Problem Statement:-
Find the number of numbers of four digits that can be made from the digits $0,1,2,3,4,5$ if digits can be repeated in the same number. How many of these numbers have at least one digit repeated?
For those who wanna skip all the babble below this para on why I thought what I thought just jump to the Modified Problem Statement in the Edit.
Seems pretty easy, right? Until you are me who misread the given constraint on the repetition of the digits as this – "the numbers can be repeated as many times as their magnitude". So, this would imply $0$ being repeated $0$ times, so it will occur only $1$ time. Similarly, $1$ will repeat $1$ time so it will occur only $2$ times, and so $2$ occurs $3$ times, $3$ occurs $4$ times, and so on. If we were to write the multiset for the digits from which we can choose from then, the multiset would be
$$(\{(0,1),(1,2),(2,3),(3,4),(4,5),(5,6)\})$$
And after spending a lot of time I thought why not try to find a solution here, because I was not able to get one.
My Attempt at a solution to my proposed problem:-
The first digit can be anyone of the five non-zero digits. Assuming the non zero digits to be distinct, we get the total no of nonzero digits to be $20$, hence no of ways of selecting the first digit (i.e. the digit at the thousandths place) is $\displaystyle{{20}\choose{1}}$ and the remaining $20$ digits can be arranged in $3$ remaining spaces is ${}^{20}P_3$. Since we had assumed all the digits to be distinct (even those which were repeating), hence we need to set the overcount that we did due to repetition of arrangements hence we divide the ways of arranging by $(4!)^3.3!.2!.1!$ due to $3,4,5$ can have $4$ copies each in the arrangement, the digit $2$ has $3$ copies and the digit $1$ has $2$ copies. Hence, the total no of ways can be given as
$$\dfrac{\displaystyle{{20}\choose{1}}.{}^{20}P_3}{(4!)^3.3!.2!}$$.
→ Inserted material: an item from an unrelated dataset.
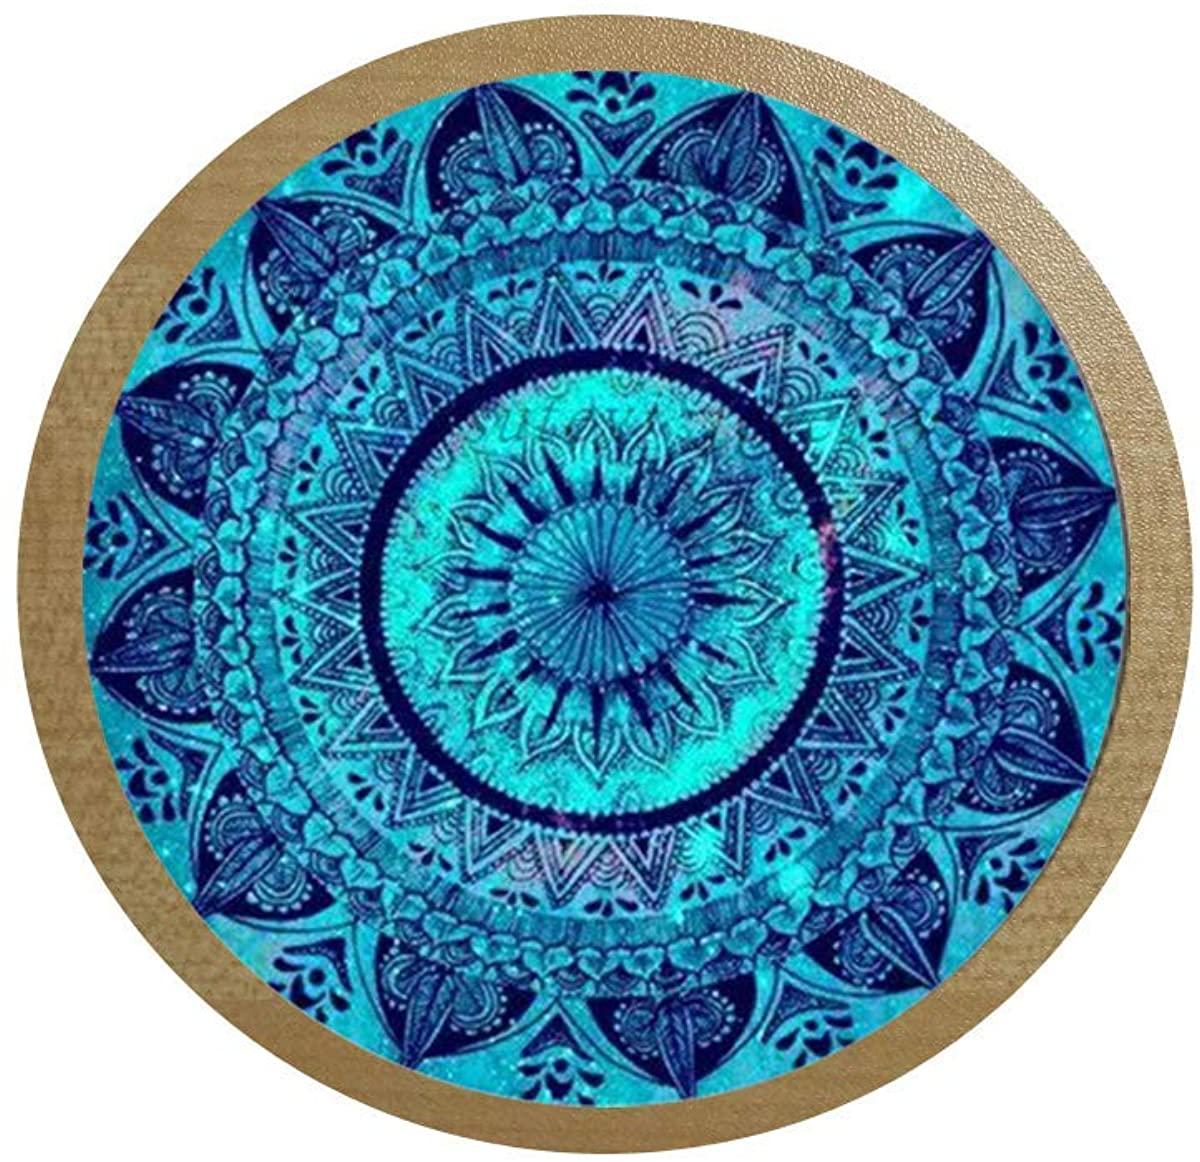 Charms Mandala Statement Necklace Glass cabochon Necklaces & Pendants Zen Yoga Spirital Jewellery Lucky Amulet ice Box Sticker,Blackboard Sticker

On calculating this comes out to be a fraction. So, this is definitely not the correct approach.
Edit:- For all those who are solving the problem as given in the Problem Statement in the quotes, what I was wanting was that what if instead of the constraint the question had placed the constraint had been what I had interpreted it initially which I have already written just below the quote, i.e. "the numbers can be repeated as many times as their magnitude"
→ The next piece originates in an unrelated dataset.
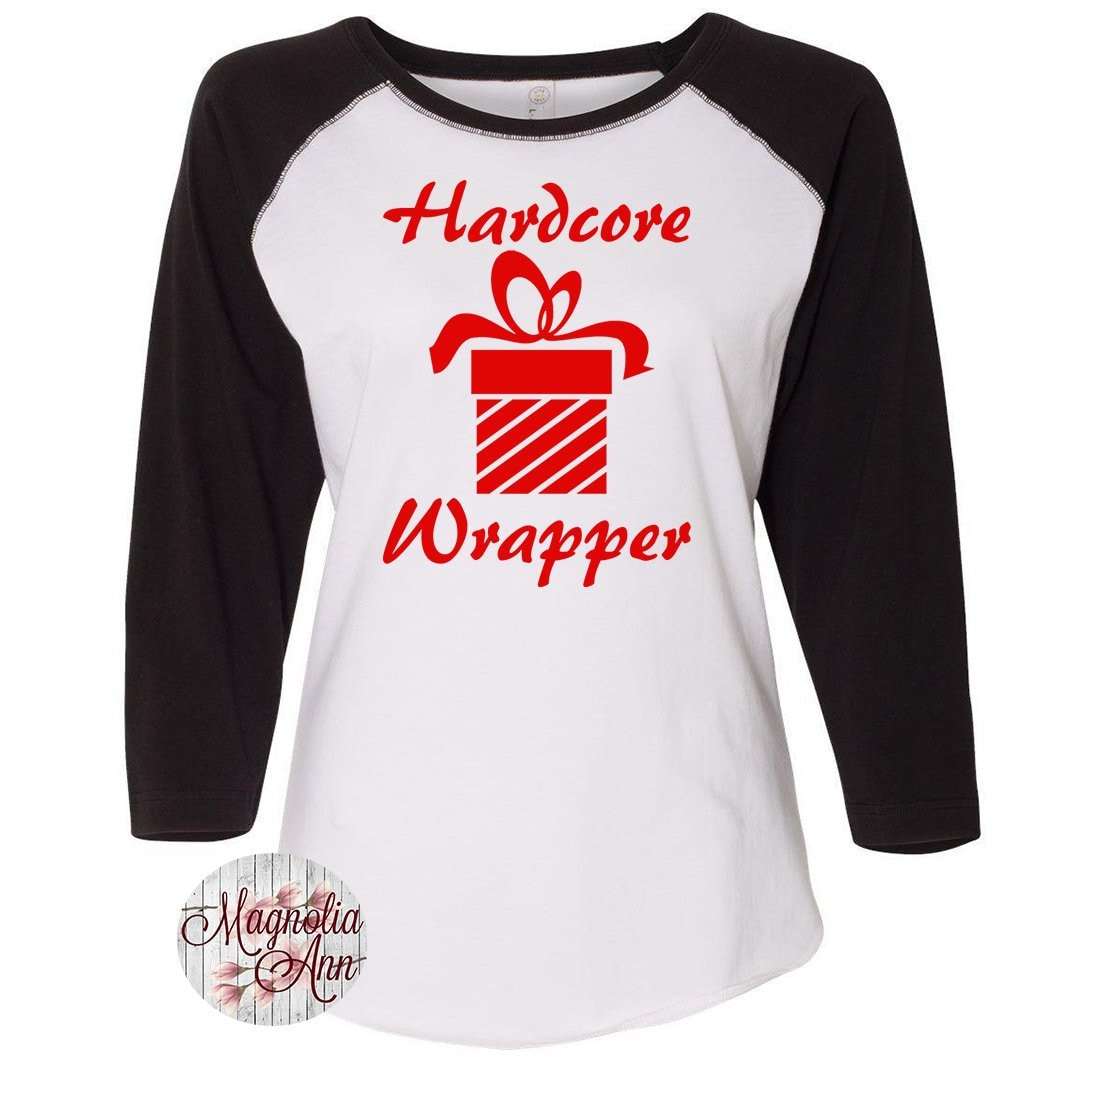 Family Christmas Shirts.Hardcore Wrapper Christmas Shirts Matching Christmas

So, lets state the problem that I am trying to solve if you wanna skip all the babble in the first part
Modified Problem Statement:-
Find the number of numbers of four digits that can be made from the digits $0,1,2,3,4,5$ if digits can be repeated as many times as their magnitudes. How many of these numbers have at least one digit repeated?
Best Answer
The first part is simple. except zero, all digits can go at first and the remaining positions can be either of the six digits. So the total number of 4-digit numbers is:
$$A=5\times6\times6\times6$$
For the second part, the number of 4-digit numbers with no repeat is
$$B=5\times5\times4\times3$$
So the number of them with at least one repeat is $A-B$.